The rest of my time with Ultimate was enormously fun in experimenting with combat and items. The default spawning rate of items in this iteration feels fantastic, with new additions appearing every ten to fifteen seconds and in wide variety. Over the course of one match we had several Poke Balls and weapon items drop in, and none felt obtuse or distracting during match play unlike previous Smash installments. Each item was also incredibly fine-tuned, and we didn’t feel the need to start scrabbling for anything at the cost of our own fights. Everything felt fair to use and be hit by; there was no real moment where I was angry about a cheap Pokemon spawn or an overpowered weapon hit.
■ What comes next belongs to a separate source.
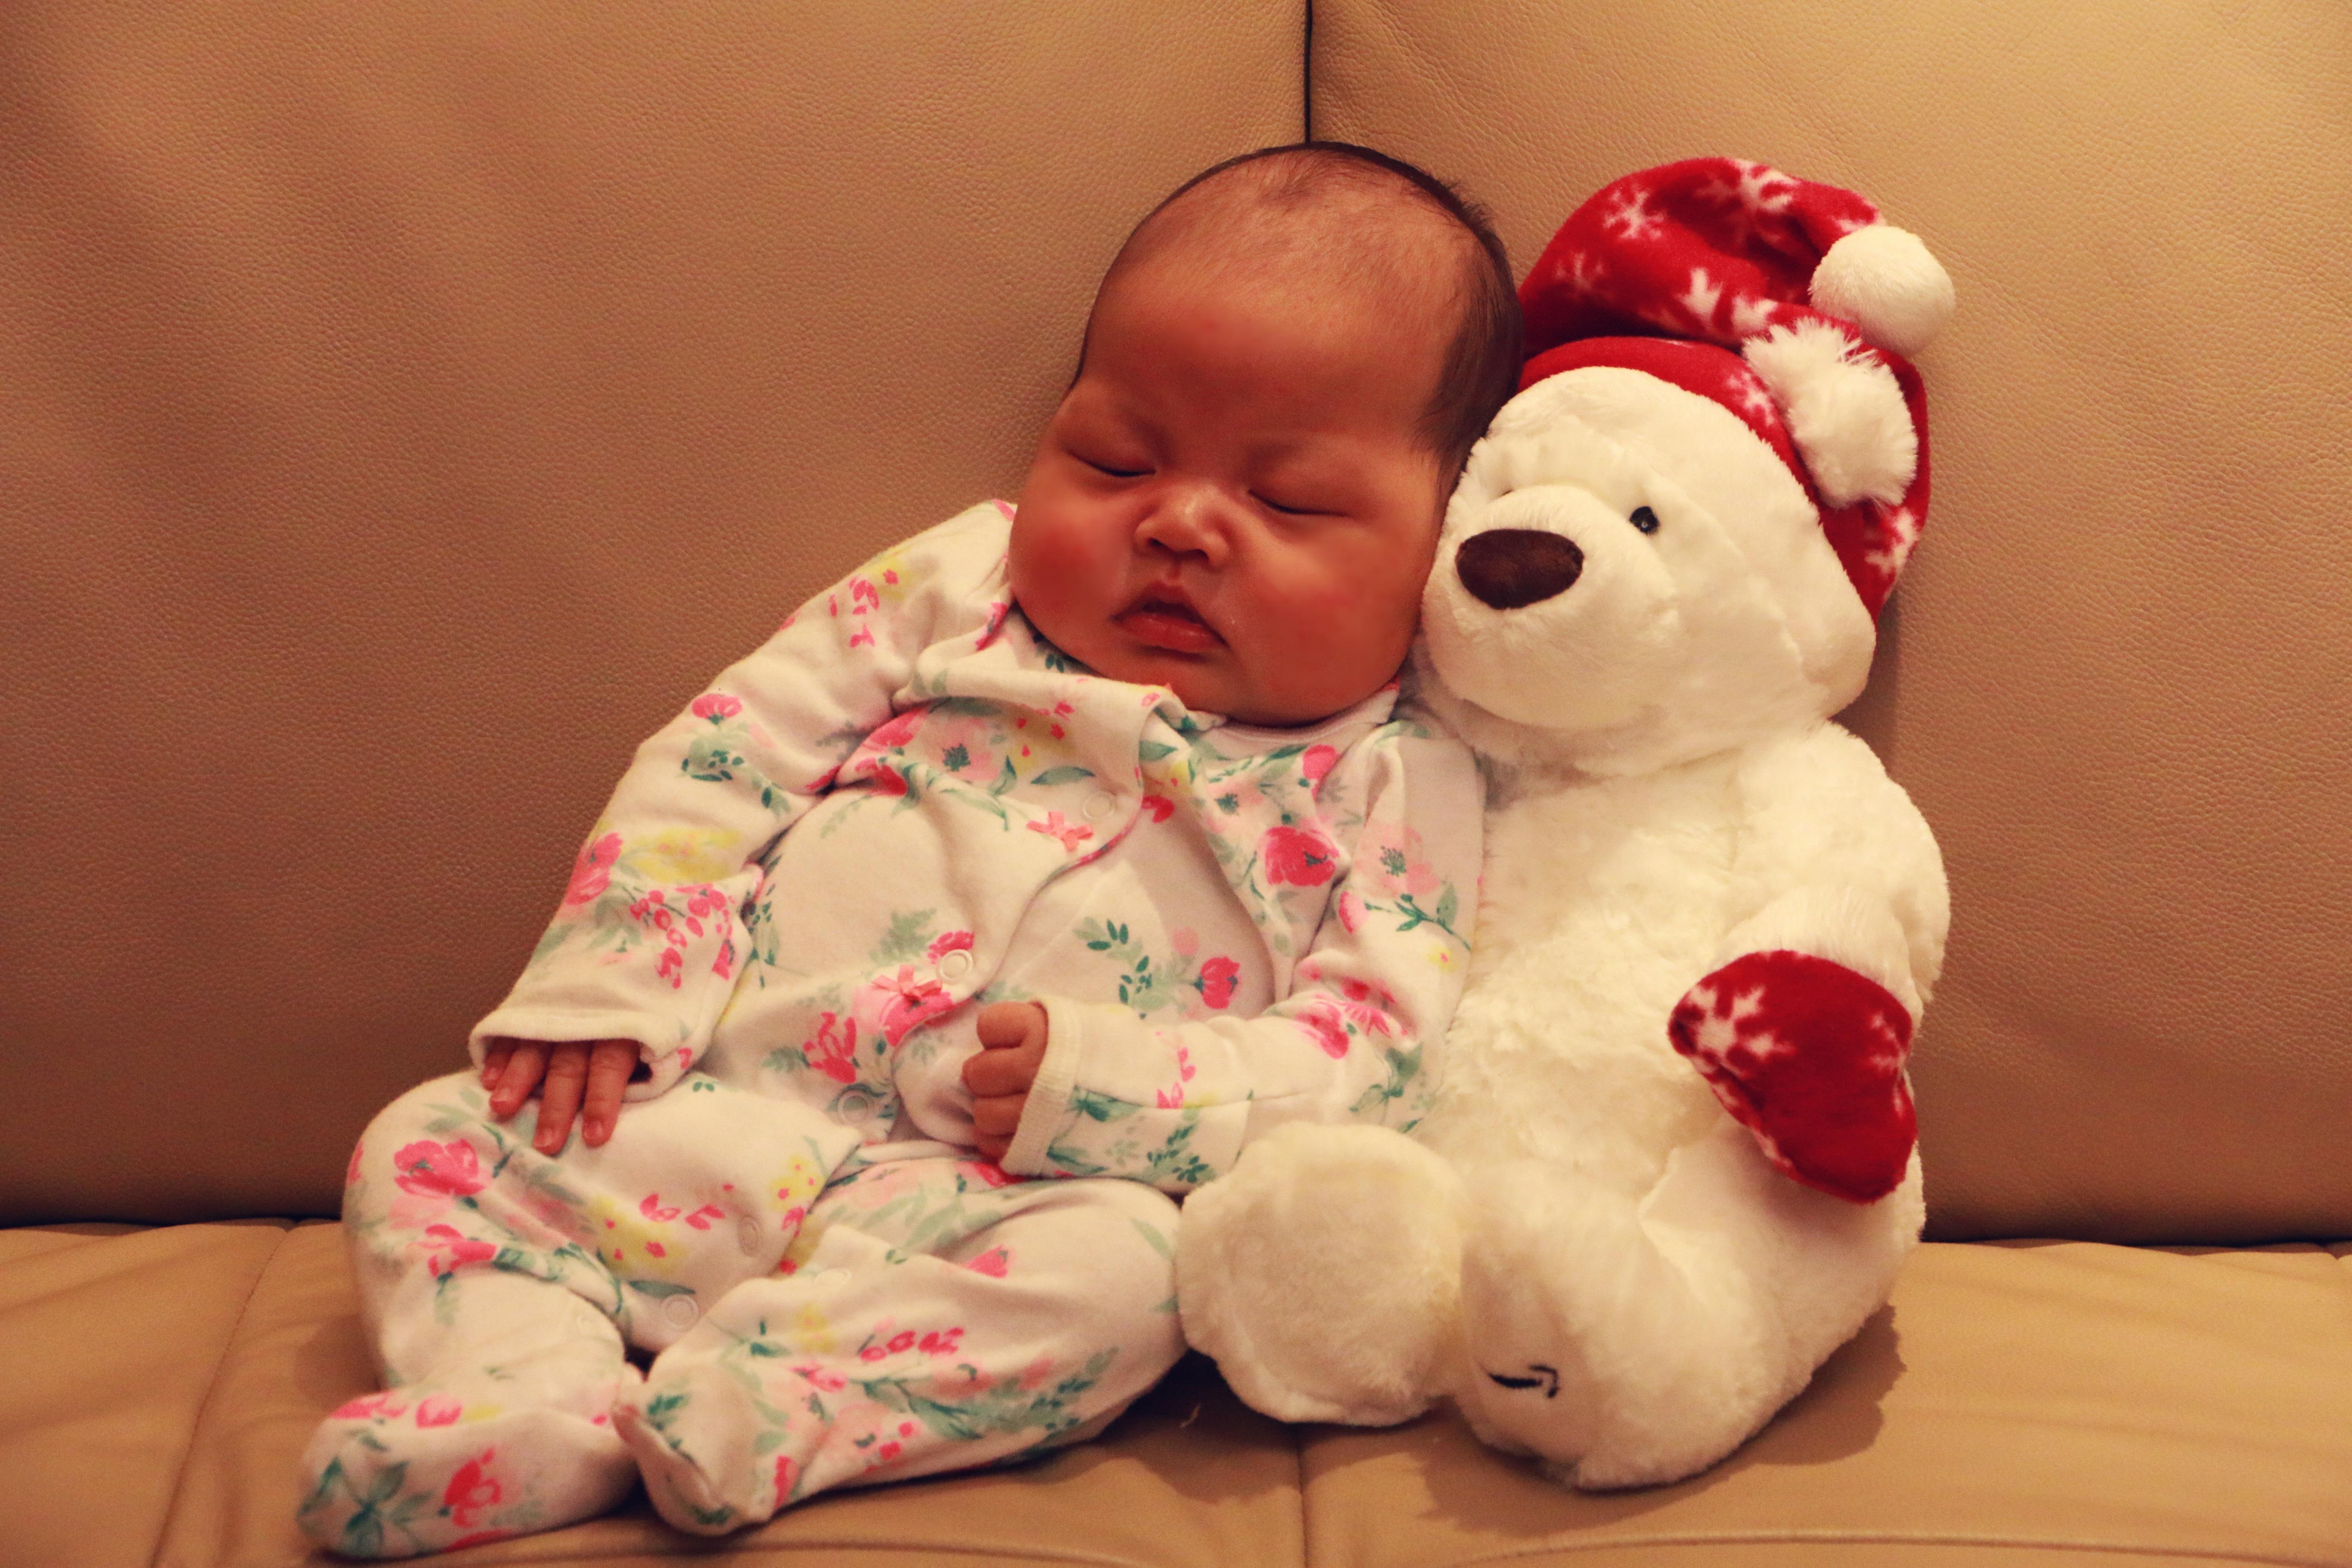 Free images person cute child clothing pink - Que regalar en un bautizo ...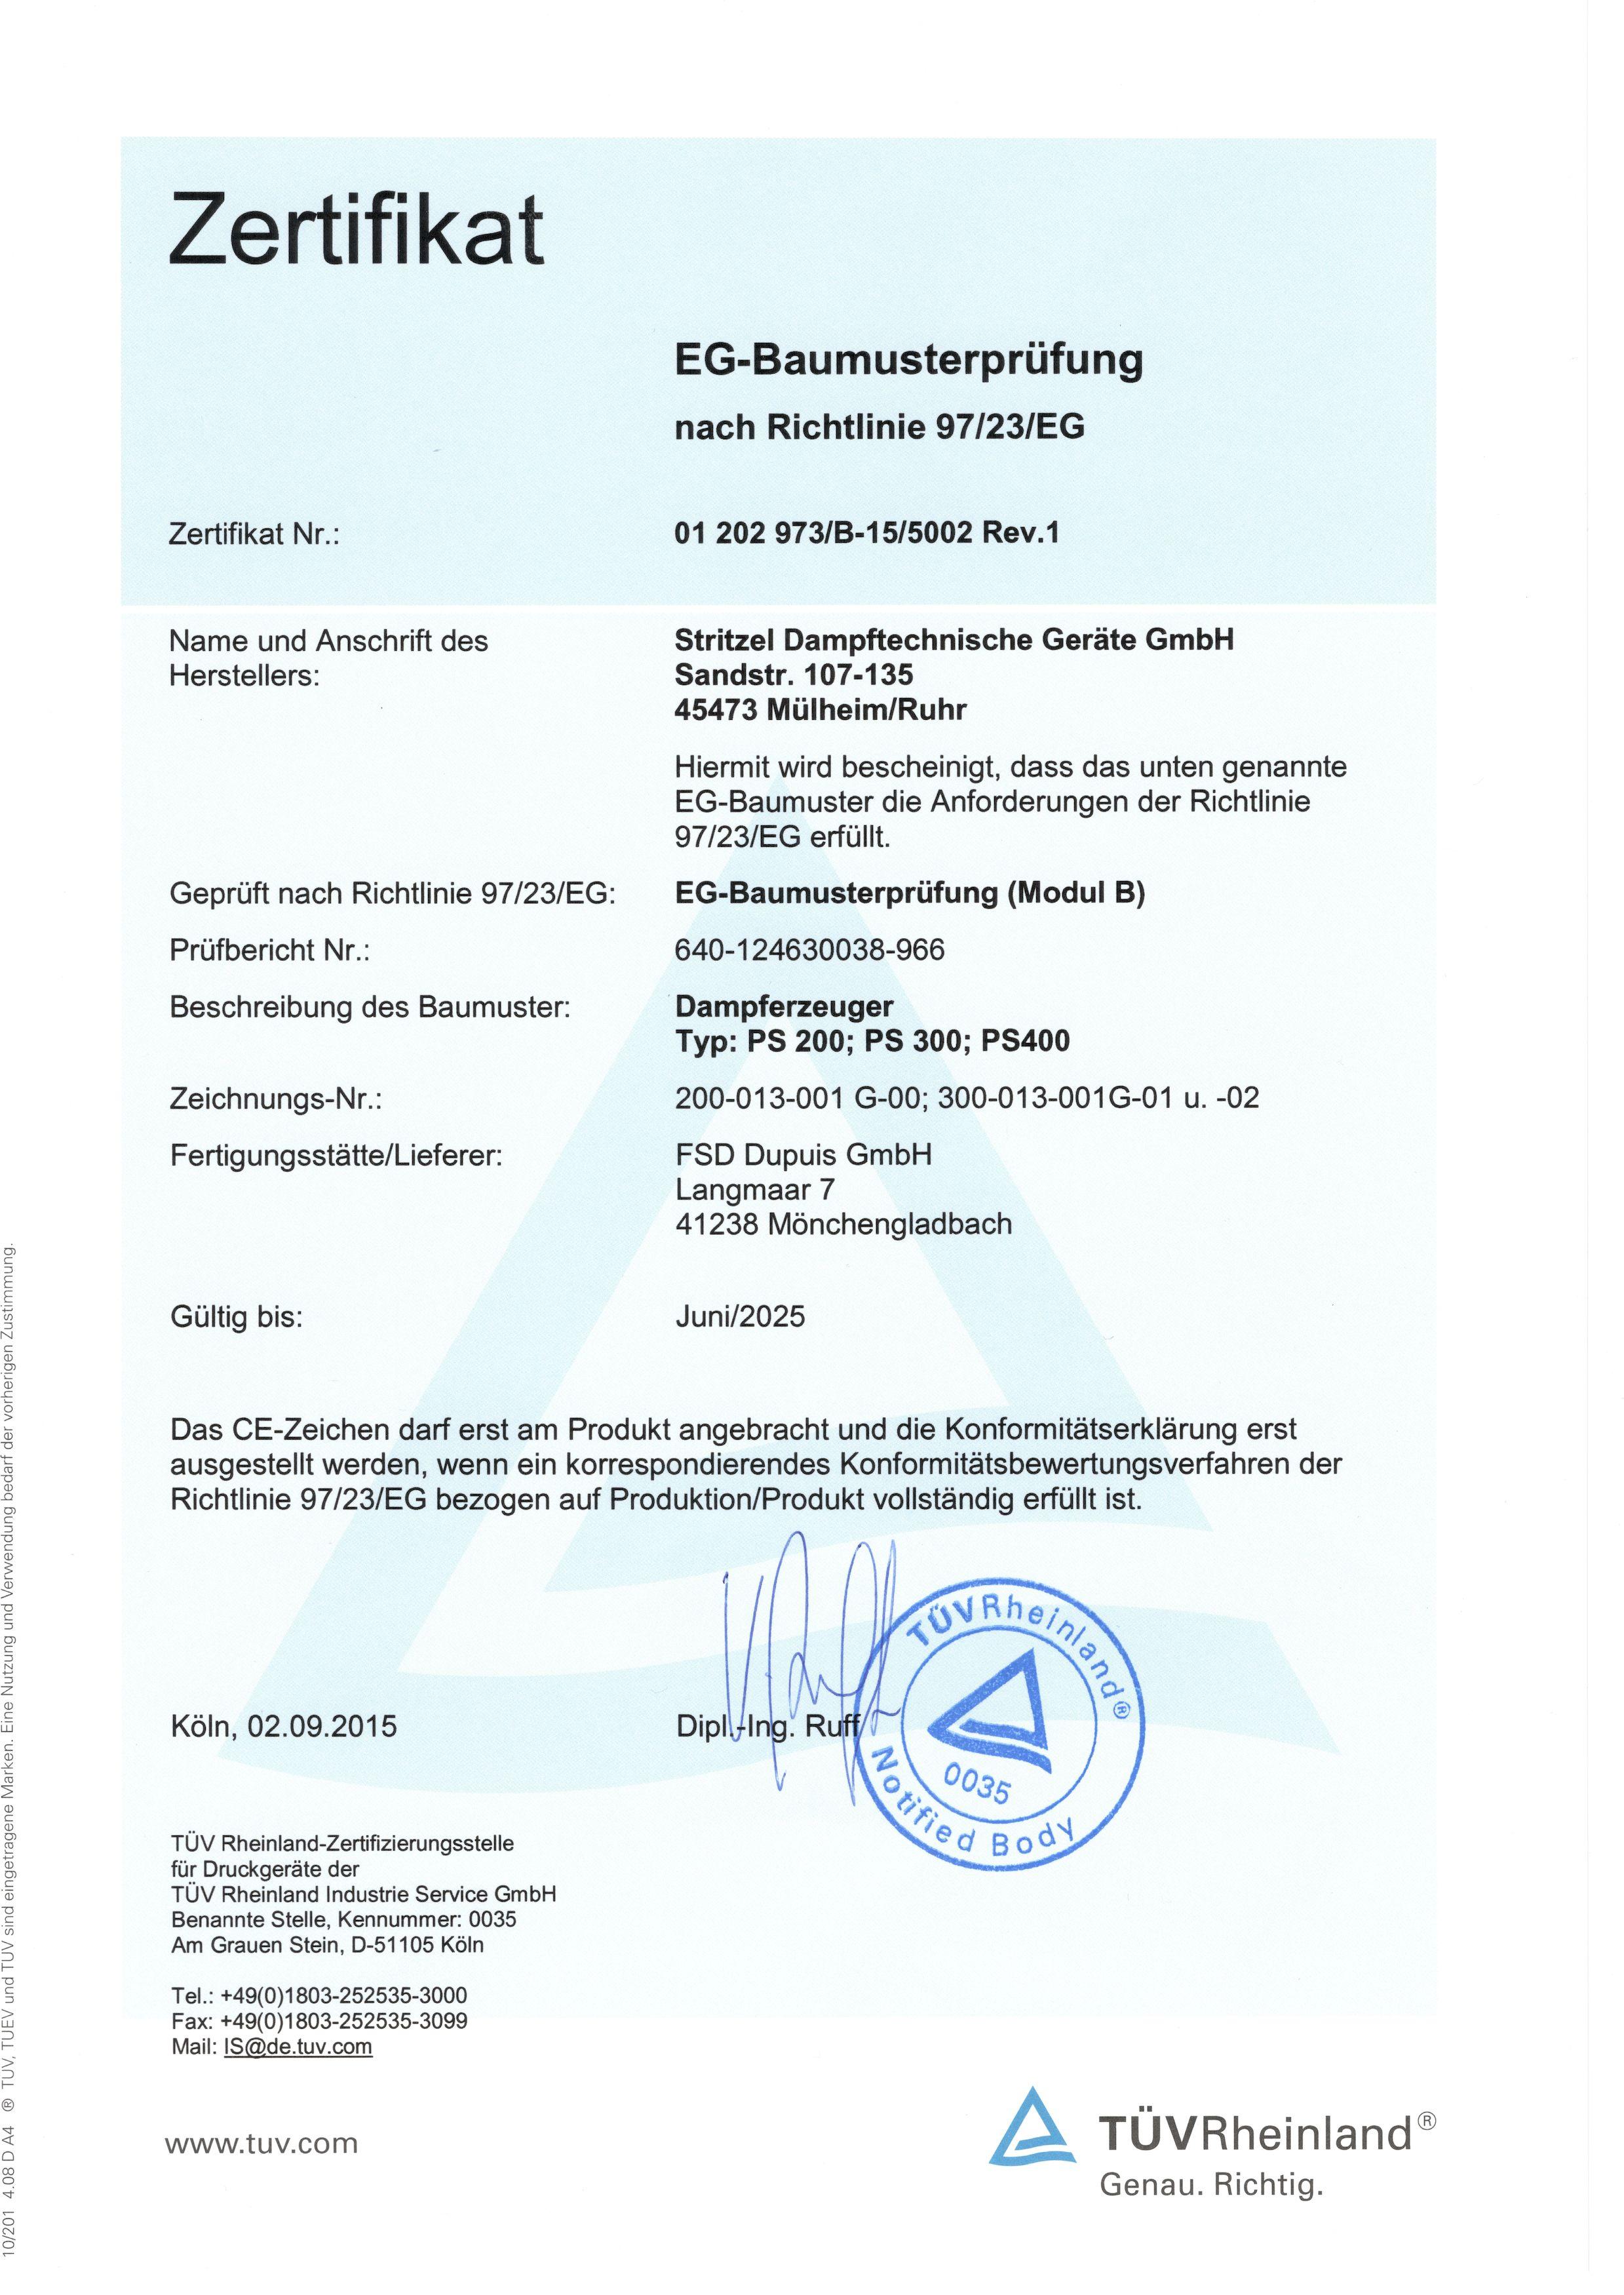 Dampferzeuger - Baumusterprüfung

All in all, I feel remarkably confident about the home market for Super Smash Bros. Ultimate. While I am incredibly concerned about its potential future for tournament play, this is certainly the ultimate addition to a Smash fan’s collection. With a current confirmed roster of almost 80 characters and zones this will indeed be one of the greatest additions to your Nintendo library for sheer value alone. You too can add it to your collection on December 7th.